Serving the Quantitative Finance Community

 
User avatar
johnself11
Posts: 0
Joined: November 18th, 2004, 5:48 pm

Buying the synthetic swap spread

November 23rd, 2006, 5:00 am

i guess they are "popular" insofar as they are extremely liquid.... though this doesnt qualiify them as ideal for a trade structure.... i can say with certainty that the ebedded options in the contracts are mot at all worthy of dismissal..... wait till a market situation in which the CTD is changing dynamically, and you will see that the trade will have nothing to do with LIBOR credit spreads......
 
User avatar
miltenpoint
Posts: 9
Joined: February 23rd, 2006, 1:40 pm

Buying the synthetic swap spread

November 23rd, 2006, 7:03 am

Good point, although by watching the implied repo/net basis, you can usually see potential for change of CTD. Perhaps the biggest threat to delivery at present is CTD squeezes, something that has always been present in markets but something that the hedge funds are now getting into - establishing a position and trying to persaude the repo desk to go special. Thete is currently an investigation in the US into this practice.I always feel more comfortable being long the spread (long t-notes), to avoid these possibilites and to also enjoy the asymmetical nature of the risk profile. (some say the credit spread is like implied vol) but avoiding being delivered by not holding in the final month.
 
User avatar
vegavexity
Posts: 0
Joined: October 11th, 2005, 11:24 am

Buying the synthetic swap spread

November 23rd, 2006, 2:44 pm

Credit spreads and swap sprads have very little in common these days. The credit is risk in swaps is so small that it can almost be neglected. If you have a credit crisis today, you would see credit spreads wider and swap spreads tighter. Why?.. Because the flight to quality would be executed through receiving on swaps as much, if not more so, than through UST buying.This doesn't change the dynamic w.r.t. how to put on a spread widening trade, but in the first post credit and swaps spreads were described as two strategies for the same trade.

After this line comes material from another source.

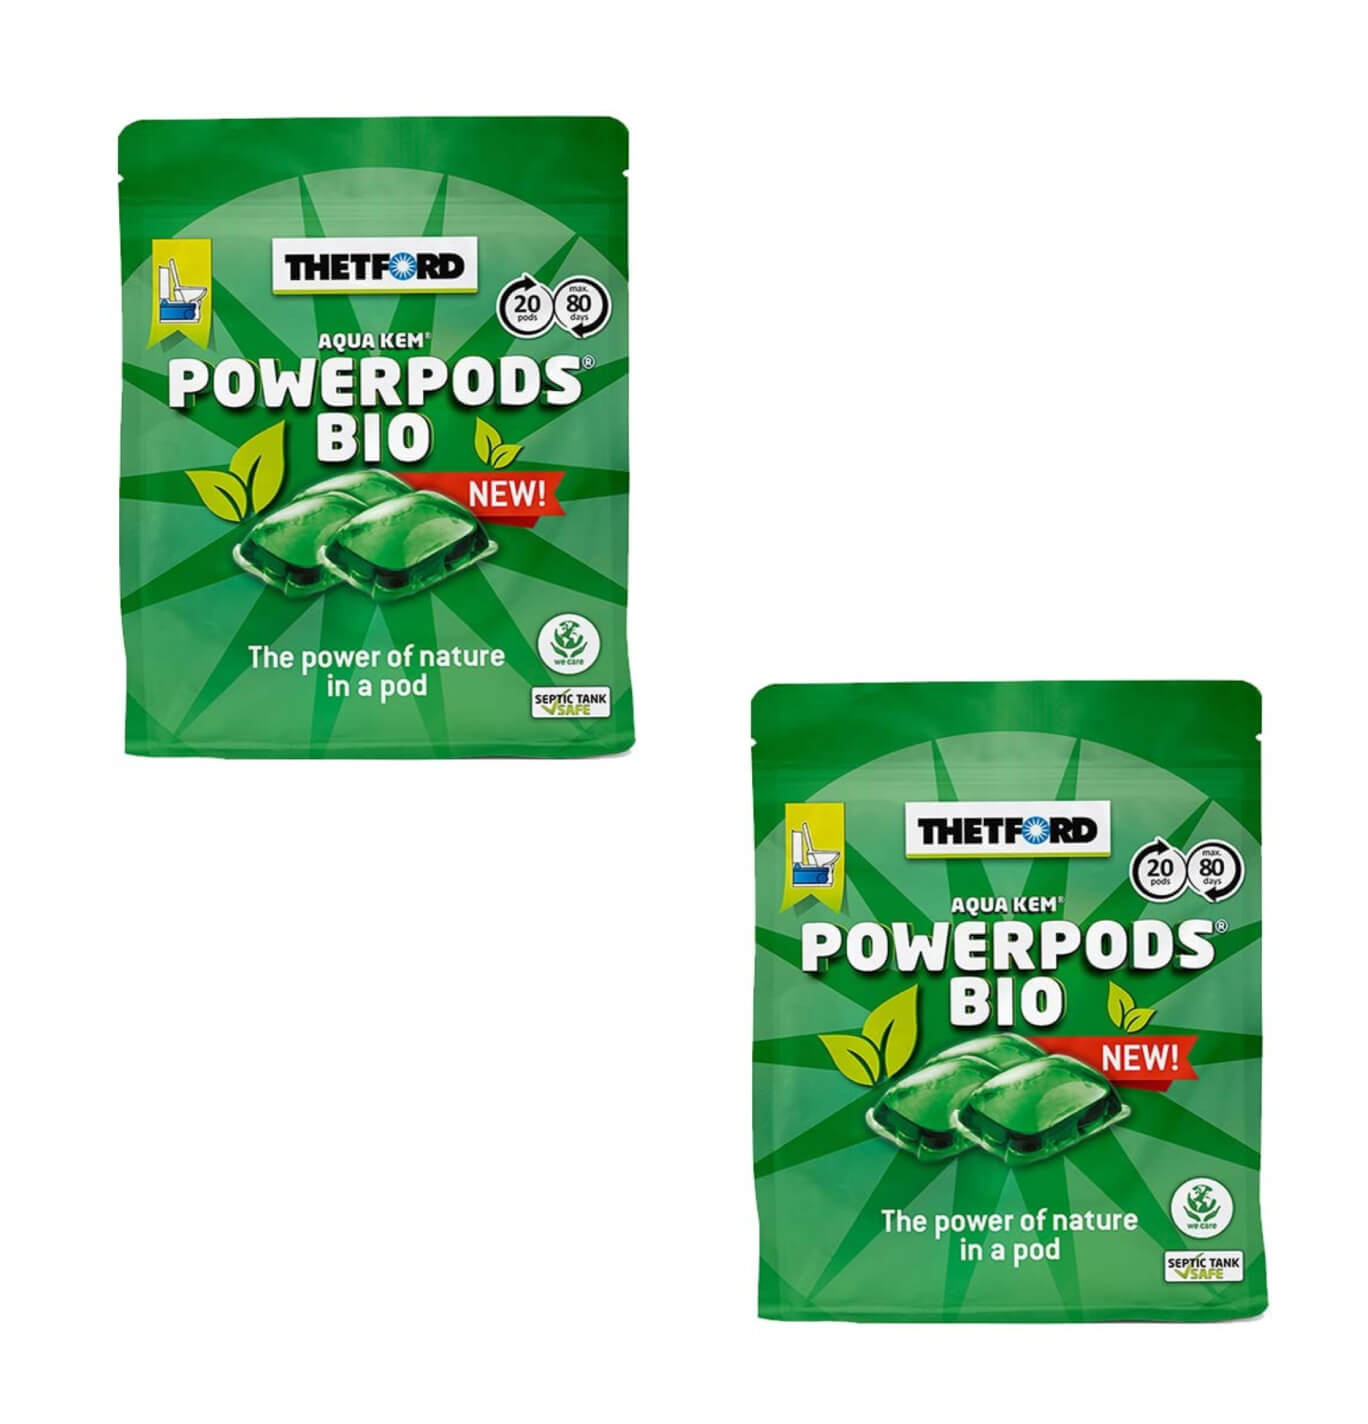 2 x Thetford Aqua Kem PowerPods Bio Green Pods | 40 Pods Bundle Image

They are not.. credit widening is a UST bullish trade, credit widening tradeswap sprd widening is a UST bearish trade, credit tightening trade
 
User avatar
johnself11
Posts: 0
Joined: November 18th, 2004, 5:48 pm

Buying the synthetic swap spread

November 25th, 2006, 4:46 am

agreed - swaps are the now the weapon of choice when moving huge amounts of duration so the swap rate direction now dictates the spread direction..... the thing is that this is the case until it isn't (e.g. 1998)....if wachovia were to go out of biz i got a couple dollars saying you see a massive widening.... or even something like 9/11 when EVERY treasury security repoed at zero for over two weeks.... that gave the spreads quite a nudge..... let us not forget the past so soon..... but without mentioning these 10,000 year floods which seem to happen every 5y, if there were a significant deterioration in banks credit, i'd bet my checking acciunr spreads widen (why not - nothing to lose!)